Two other notable signals of selection were observed in WTH and WKH on chromosome 2, and in WTH on chromosome 13. The chromosome 2 signal contains four genes including pvmrp1 (PVX_097025) which encodes an ABC transporter that has been implicated as a drug resistance candidate12,18 and whose P. falciparum homologues are associated with resistance to multiple anti-malarial drugs38,39. The chromosome 13 signal includes PVX_084940, which encodes a putative voltage-dependent anion-selective channel containing a porin domain proposed to be implicated in antibiotic resistance35. Further details of the above signals of selection can be found in the Supplementary Note.
SNPs that are highly differentiated between populations can provide additional evidence of evolutionary selection.
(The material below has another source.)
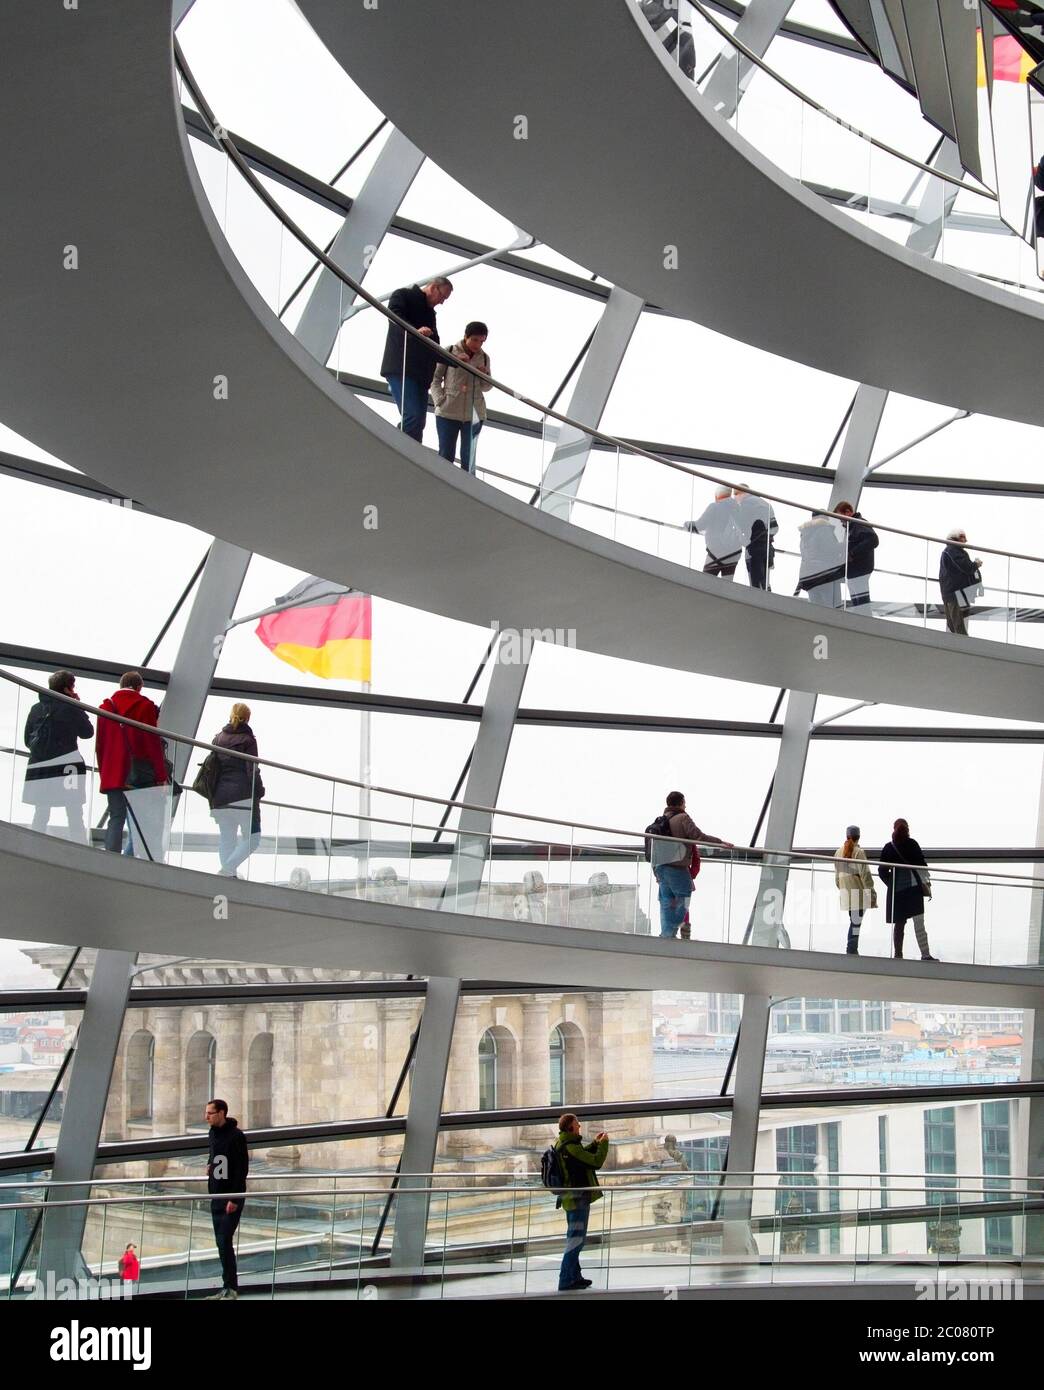 Reichstag dome interior Stock Photo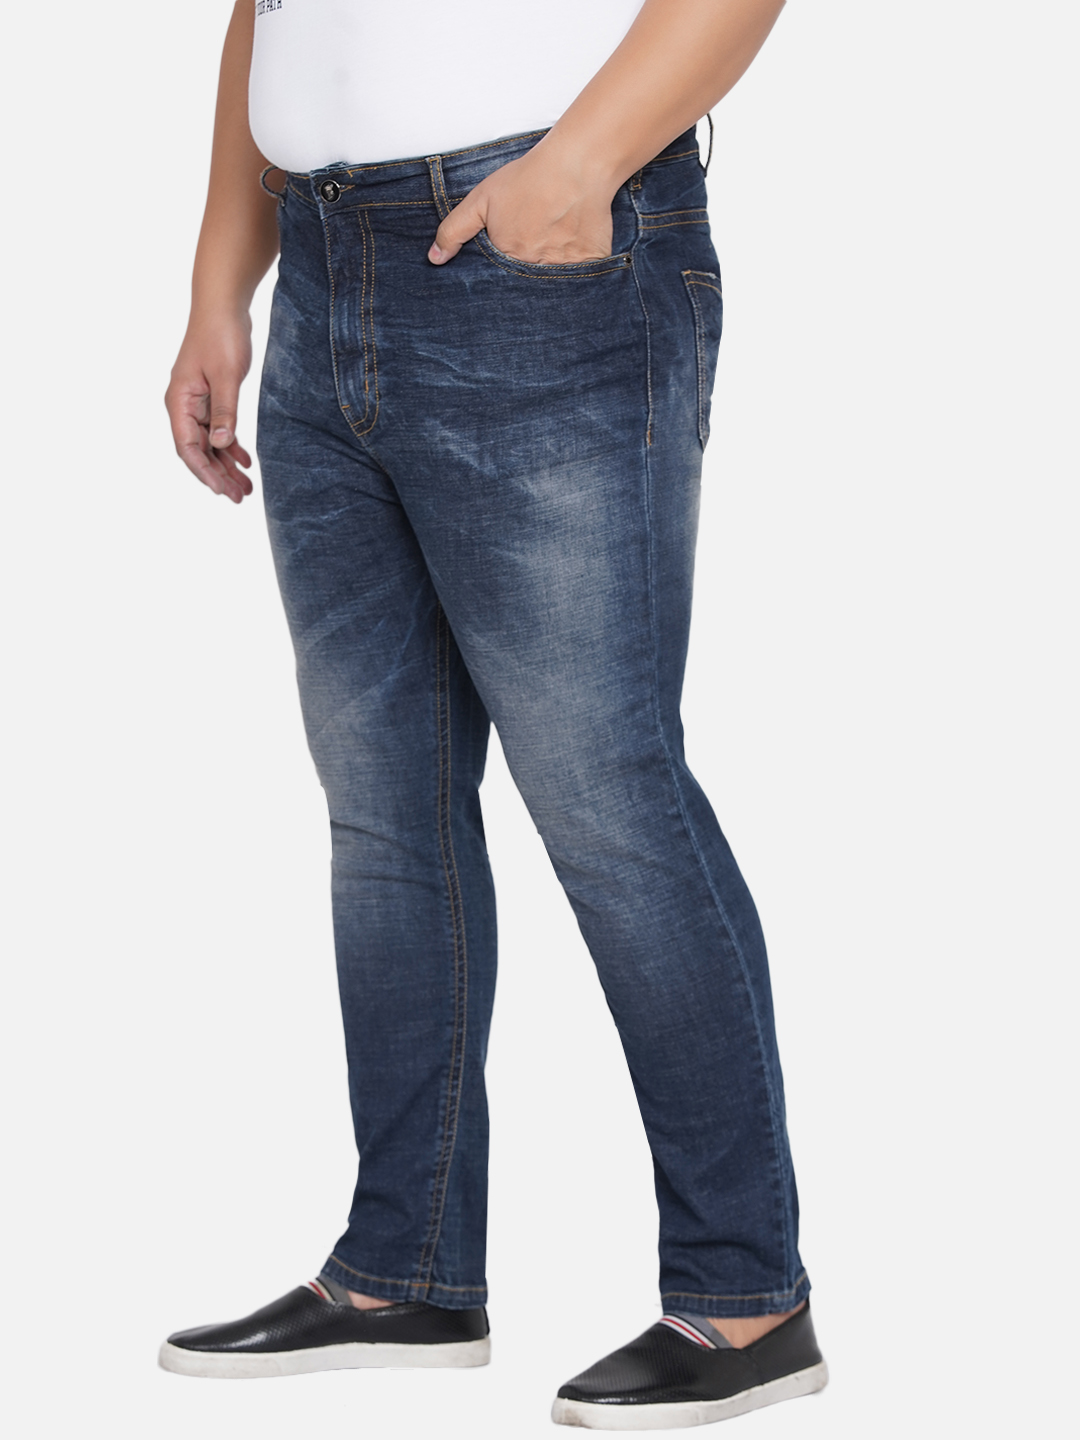 bottomwear/jeans/PJPJ6045/pjpj6045-4.jpg

Pairwise comparisons between WTH, WKH and PID identified 40 SNPs with FST >0.9 (Supplementary Table 7). Half of these were associated with the signals of selection discussed above and the remainder had a significantly higher proportion of non-synonymous changes than the genome-wide average (12/20 vs 87,877/303,616; P=3.3×10−4 by Fisher’s exact test), identifying additional new candidate genes for investigations of drug resistance (Supplementary Note). More generally, this study provides a rich resource of data on the population diversity of P. vivax, which can be explored through a web application (www.malariagen.net/apps/pvgv) which provides summary data on SNP allele frequencies in different populations.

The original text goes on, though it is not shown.